70% of CEOs are dissatisfied with how marketing and sales are working together. Speculating about the cause is fun, but trying to fix it is a better use of our time and the focus of this post.
The notable differences between what’s expected from a B2B sales and a B2B marketing department are pretty straightforward. Sales is expected to interact with the buyer directly, and to deliver short-term results. Marketing is expected to have almost no interaction with the buyer, and take a long-term strategy. As with any generalization, there are always exceptions but these differences are the core of the problem more often than not.

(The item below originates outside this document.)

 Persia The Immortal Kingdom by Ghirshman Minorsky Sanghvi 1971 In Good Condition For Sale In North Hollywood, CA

If we can eliminate the biggest bottleneck, then we’ll see the biggest return and see sales-marketing alignment quickest. The main issue is that marketing and sales don’t share a common vision of the customer’s wants, needs and emotional investment in your product. Salespeople have the benefit of interacting with customers on a daily basis, and are forced to understand the customer’s wants or they won’t get a commission. Marketing hears some of the stories the sale reps tell in their pipeline meetings, but they only get a second-hand understanding of how the customer thinks and behaves during the purchase process. They miss out on the massive learning opportunities rooted in rejected cold calls, failed networking events, and false-start customer meetings. Marketing also misses out on the feeling of anguish when a customer pokes a hole right through the statement you just made about your own product, relative to competitors. They miss out on the water-cooler chatter that you hear as you sit in the lobby waiting to go into a meeting with the decision maker. They miss out on the pictures of the decision maker with friends and family at a sporting event. They miss out on the tone of voice the decision maker’s boss uses when they pop their head in the office during your sales call.

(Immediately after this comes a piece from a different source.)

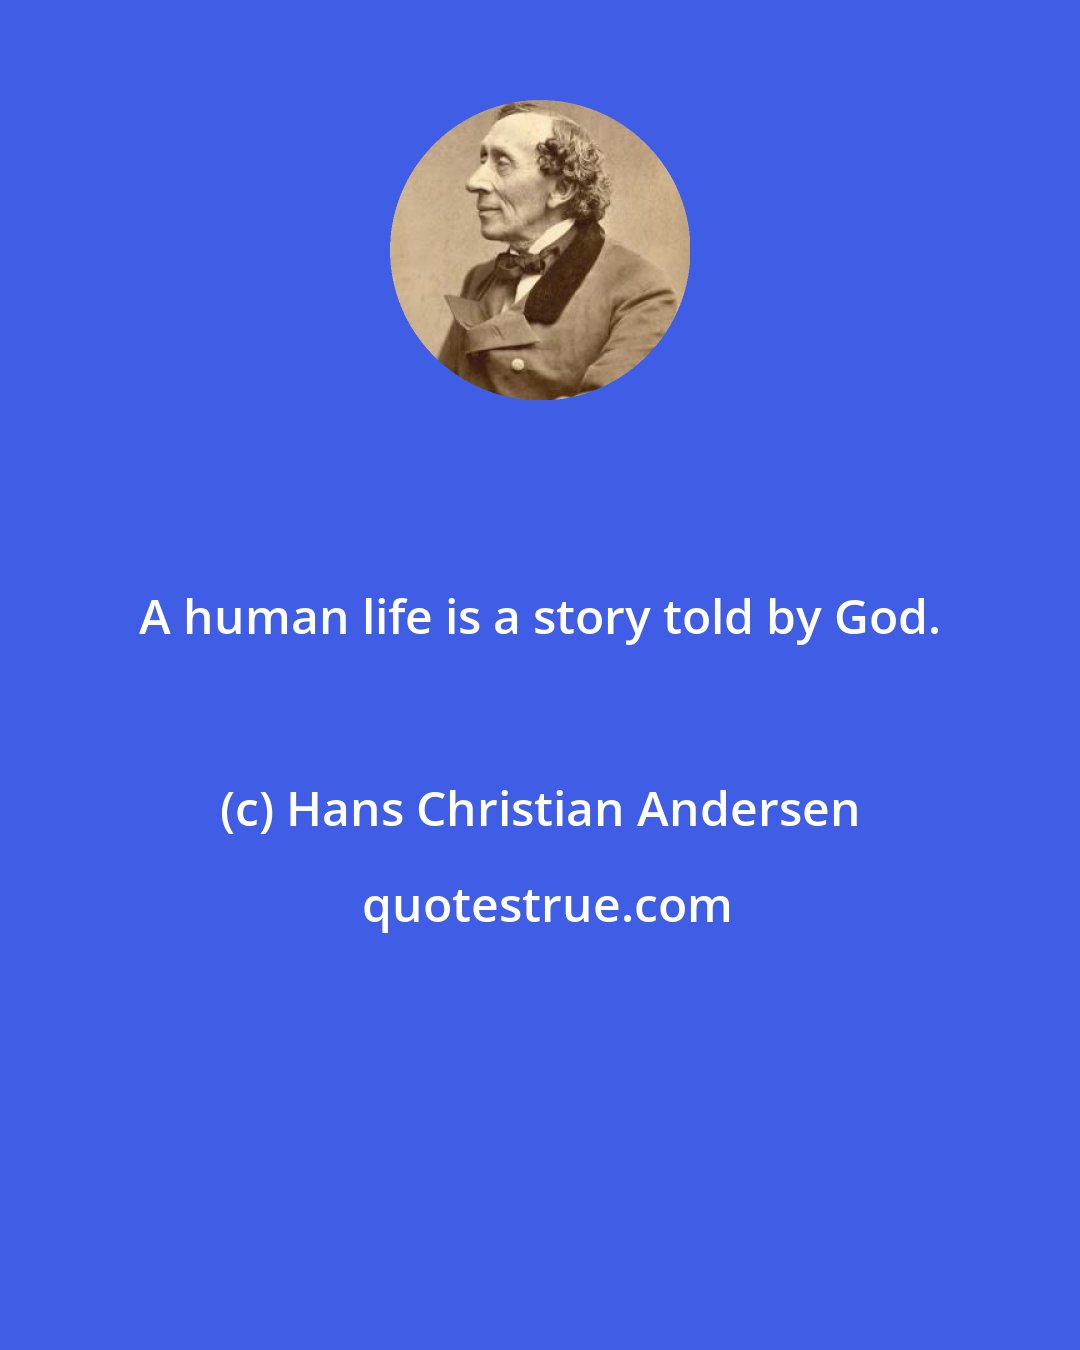 Hans Christian Andersen: A human life is a story told by God.

The information that sales reps absorb in these experiences is never communicated to the marketing team. Why would they want to publicly discuss their own failures? Why would they tell you little things like the type of watch the decision maker was wearing, and that the influencer’s shoes were completely worn? Or that they looked like they were under appreciated by their boss? Instead, sales provides marketing with surface-level information about the customer.
Unfortunately the sales team is burdened with meeting their numbers, and so they are forced into a short-term selling mentality. They wonder what they can close today, this week or this month. They don’t have the time to sit down with the marketing department and spell everything out. As a result, everyone starts making a lot of assumptions.
Sales has one image of the customer, marketing has another. And marketing can only support the sales team based on the information they are privy to.
There’s only one way for sales to understand how to integrate marketing into the sales process, and for marketing to understand what marketing collateral will work. Everybody has to get in one room and agree on a written description of what they’re trying to do.
Such is the essence of creating a buyer persona; marketing and sales collaborate to develop a common vision of the buyer’s goals, activities and gaps, then write it down.
Like all business planning, one of the most valuable aspects of this exercise is creating a shared vision among teams. If you don’t explicitly create a shared vision, you’re making a lot of assumptions about how each individual perceives the customer.